Size of $L^{\infty}$ I am confused about the 'size' of $L^\infty$: 
One the one hand, when we consider $L^\infty(\Omega)$ and $\mu(\Omega)$ is finite (and $\mu$ some measure), then we have the inclusion $L^\infty \subset L^p$ for some $p \geq 1$. So $L^\infty$ is the 'smallest' of the $L^p$ spaces.
On the other hand, we know for arbitrary open $\Omega \subset \mathbb{R^n}$ that $L^\infty$ is not separable, so it is in some sense 'too big' to be approximated by a countable subset, but $L^p$ for $1 \leq p < \infty$ are separable.
I find this somewhat confusing. What am I missing or getting wrong? 
Thanks!
 A: What's going on here, is that the separability doesn't just tell you about the size of sets in the sense of set theoretic inclusions but also tells you something about the topology on that set. On a finite measure space, $L^\infty(\Omega)$ is continuously embedded in $L^p(\Omega)$ but it gets a very different topology than the one we would give it if we just thought of it as a subset of $L^p(\Omega)$. Now let me give some details of this.
For simplicity lets fix a finite measure space $(\Omega, \mathcal{F}, \mu)$ and consider $L^p(\Omega)$.

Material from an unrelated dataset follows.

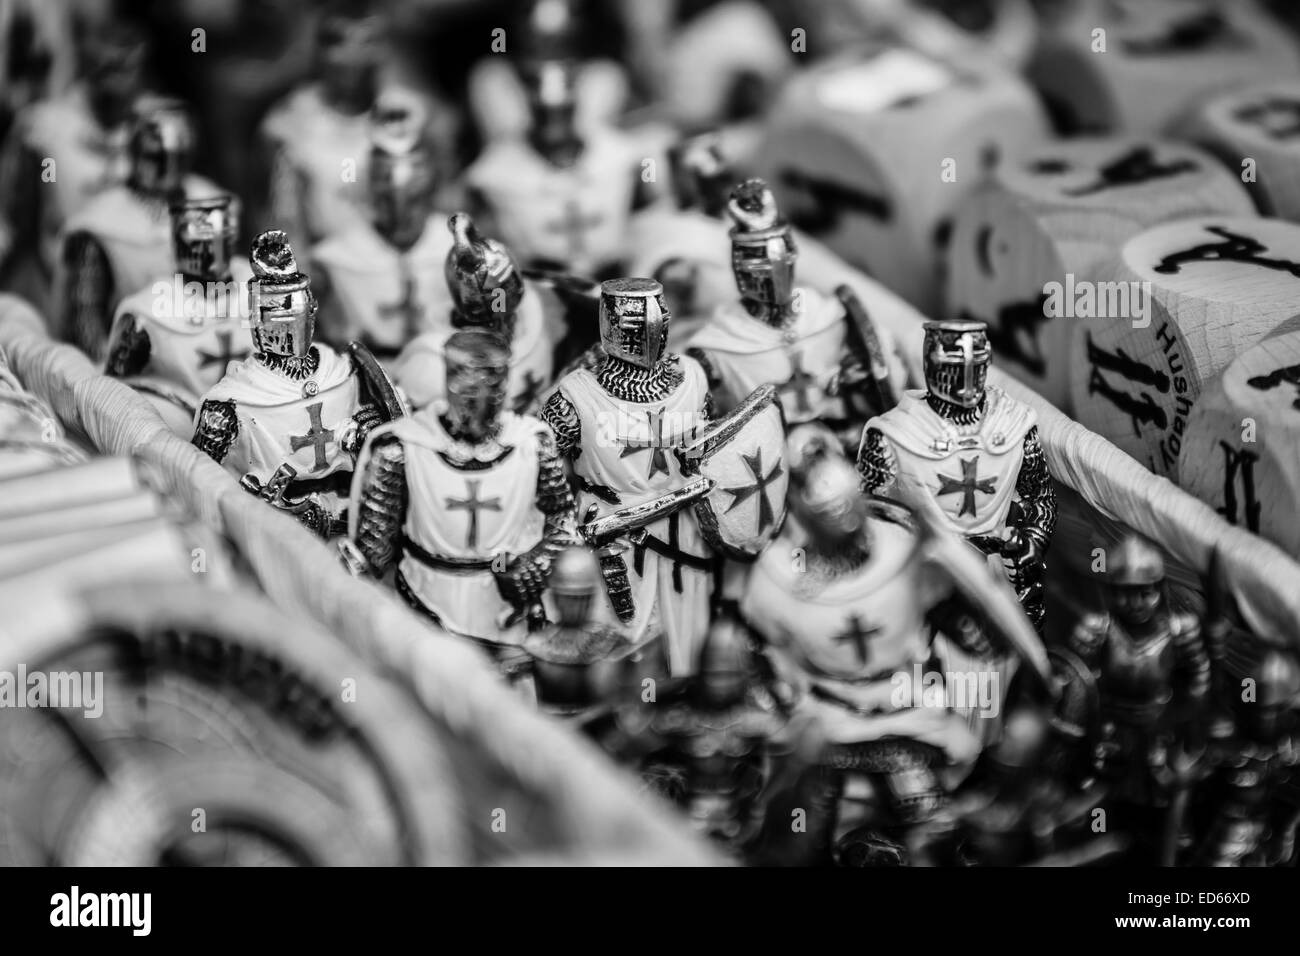 Prague souvenirs, tin soldiers (Crusaders). Black and white. Prague is the capital and largest city of the Czech Republic. Stock Photo

In this case, when considered as sets, $L^\infty(\Omega) \subset L^p(\Omega)$. So we could consider $L^\infty(\Omega)$ with the subspace topology induced by the $L^p(\Omega)$-norm. For this topology, $L^\infty(\Omega)$ would be separable (as a subspace of a separable space). Of course, we don't want to think of $L^\infty(\Omega)$ with the subspace topology because it comes with its own natural topology, the one induced by its usual norm!

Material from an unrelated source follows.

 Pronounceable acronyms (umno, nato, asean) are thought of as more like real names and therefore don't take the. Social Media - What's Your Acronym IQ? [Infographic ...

In fact, the embedding $L^\infty(\Omega) \hookrightarrow L^p(\Omega)$ is even continuous since if $f \in L^\infty(\Omega)$ then $$\int_\Omega |f|^p d\mu \leq \mu(\Omega) \|f\|_\infty^p. $$
However, we don't have such an inequality going the other way. So whilst the embedding is continuous, it is not a homeomorphic embedding. 
This means that the norm topology on $L^\infty(\Omega)$ is stronger than the one induced on $L^\infty(\Omega)$ by $L^p(\Omega)$ and so it is harder to approximate functions in this topology. The lack of separability of $L^\infty(\Omega)$ is a symptom of the fact that its inherent notion of approximation is much stronger, rather than of its 'size'.